[Physics] Why can’t I slap an insect into unconsciousness

everyday-lifepopular-science

So it is summer, which means I have to deal with insects. Today one has made it into my room and while I tried to work this insect was constantly in my face, which caused me waving my hands in the air. Now I have actually hit it 3 times but it kept coming back. Then I was wondering, why don't insects actually really mind when you just basically slap them with one hand? They don't fall to the ground, they surely don't die and they don't even seem injured in any way.
If a giant as much bigger than me than I am compared to an insect were to just slap me, I would imagine I were at least severely injured.

Is a human hand alone – not using a wall or another hand etc. to mash – really too slow for an insect to cause damage? Or does the insects "skin", which is made out of chitin, just give the insects this super power?

Best Answer

  1. Mass and material strength do not scale equally with size. This is well known, so I'll only illustrate with a few examples.
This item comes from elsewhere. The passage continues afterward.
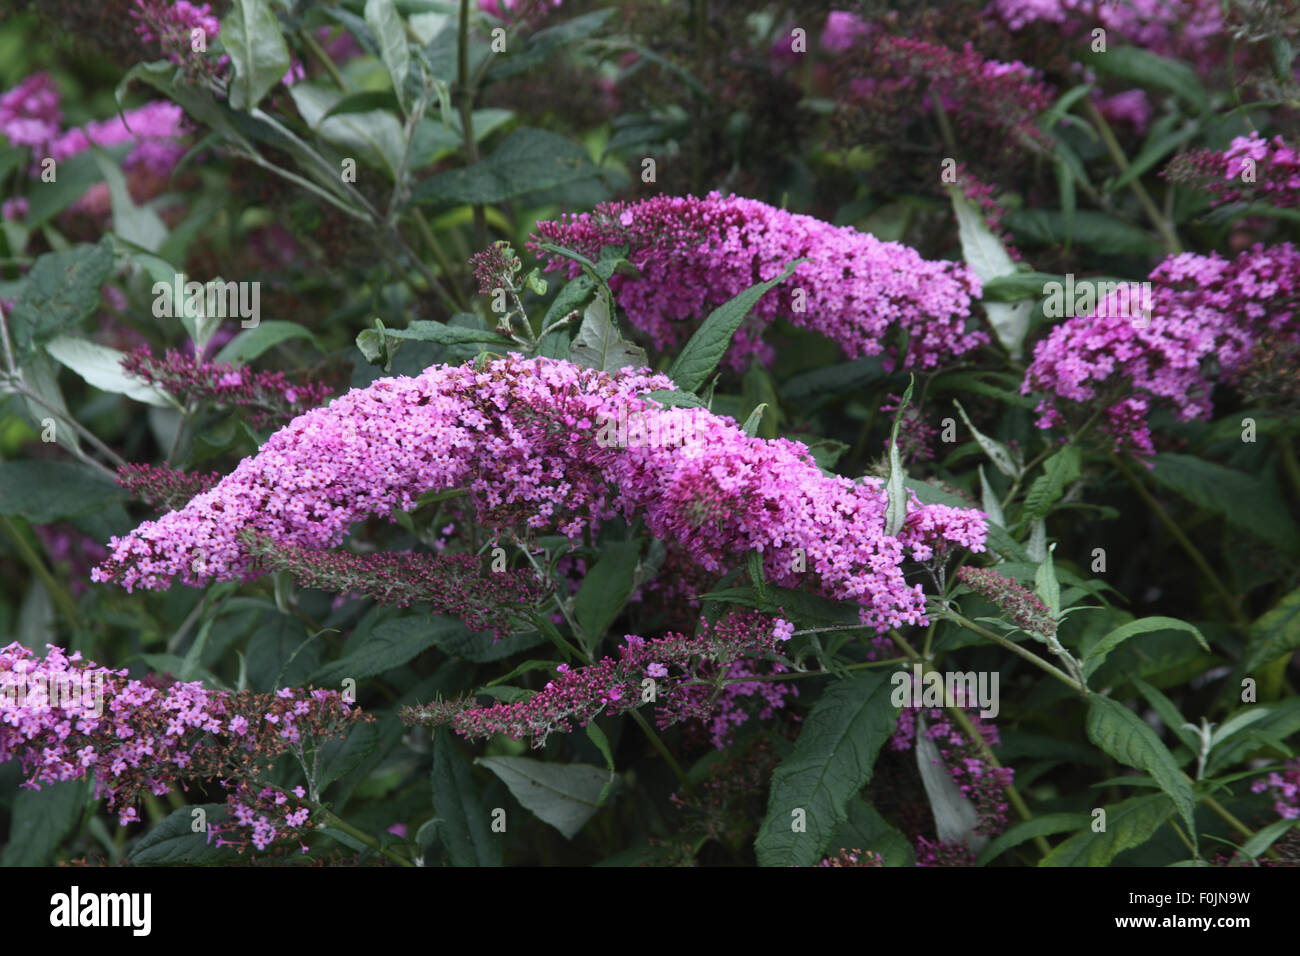 Buddleja davidii 'Pink Delight' shrub in flower close up Stock Photo

    Imagine a small cylinder of clay 1/2 inch around and 2 inches tall sitting on your desk. It can sit there a while with little deformation. Now imagine a cylinder of the same material 10 feet around and 40 feet tall. It would slump down significantly right away.

    Look at the thickness of animal legs over animal size. Evolution would have trimmed off excess material long ago. Note how much thicker elephant legs are relative to overall size than those of a dog or ant.

  2. The effects of air viscosity are much greater at the small size of a insect than they are to our human-scale experience. The air pushed in front of your hand will push the insect well before it actually hits your hand.
  3. You can stun insects by whacking them, although it usually takes something a bit faster and more rigid than your hand for something as small as a fly. I found the best way to hunt flys in a apartment in college was to whack them in mid air with a large metal spatula. This would knock them to the ground where they'd lie for a 10-20 seconds, then buzz on like nothing happend. That gives you plenty of time to dispatch them. The long handle of the spatula allowed me to move it faster than I could move my hand.